Ce texte est tiré du numéro d’avril 2026 de Lignes d’Attac, le journal trimestriel de l’association, disponible en adhérant ou en s’abonnant.
Au cours de ces dernières années, les opportunités pour s’engager se sont multipliées aux États-Unis, et il existe dans les grandes villes une convergence des différentes luttes. New-York est un véritable foyer pour l’activisme, où il est facile de passer à l’action en participant à des interpellations d’élues ou à des manifestations de rue : il s’y organise régulièrement des marches, parfois plusieurs par week-end. Par ailleurs, la communication via les réseaux sociaux participe fortement à la diffusion des actions militantes, et permet à chacune de rejoindre facilement une cause ou un mouvement pour y participer. Cela fait longtemps, selon Matthew, que la résistance n’a pas été aussi accessible au grand public, et cela est dû, bien sûr, à l’intensification de la résistance face à la montée de l’extrême droite et du fascisme oppressif aux États-Unis.
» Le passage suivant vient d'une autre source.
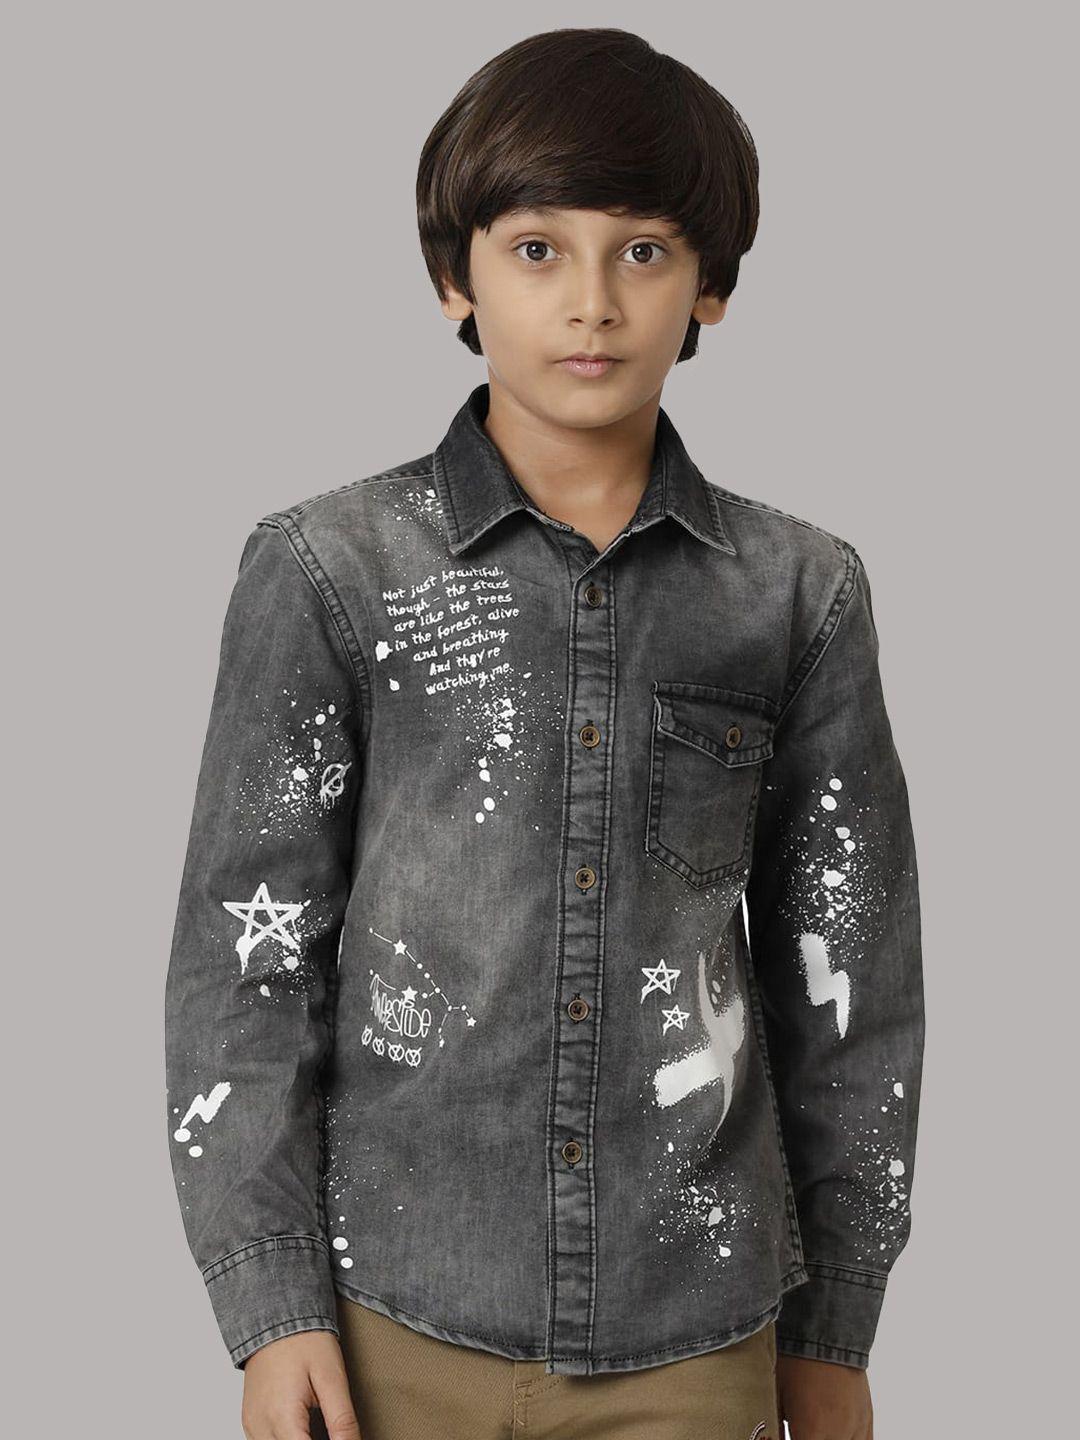 under fourteen only boys typography printed casual denim shirt

Que peuvent faire les syndicats ?
Côté syndical, dans un pays où le droit du travail n’existe pratiquement pas pour les travailleureuses non syndiquées, on observe un déclin, avec une perte des adhésions (on est passé de 30% dans les années 70 à moins de 10% aujourd’hui). Selon Marsha, cette situation n’est pas seulement due au contexte capitaliste du pays qui privilégie les patrons, elle est aussi due à l’éviction de toute idéologie de gauche hors des syndicats depuis l’époque du Maccarthysme et à la stratégie politique actuelle des organisations, ne laissant pas se développer les initiatives « par le bas ».
Elle note cependant qu’on a vu récemment beaucoup d’actions cherchant à articuler l’opposition à Trump, comme à New-York où une grève inédite a démarré dans le secteur hospitalier : 15 000 infirmières ont cessé le travail depuis le 12 janvier 2026 et…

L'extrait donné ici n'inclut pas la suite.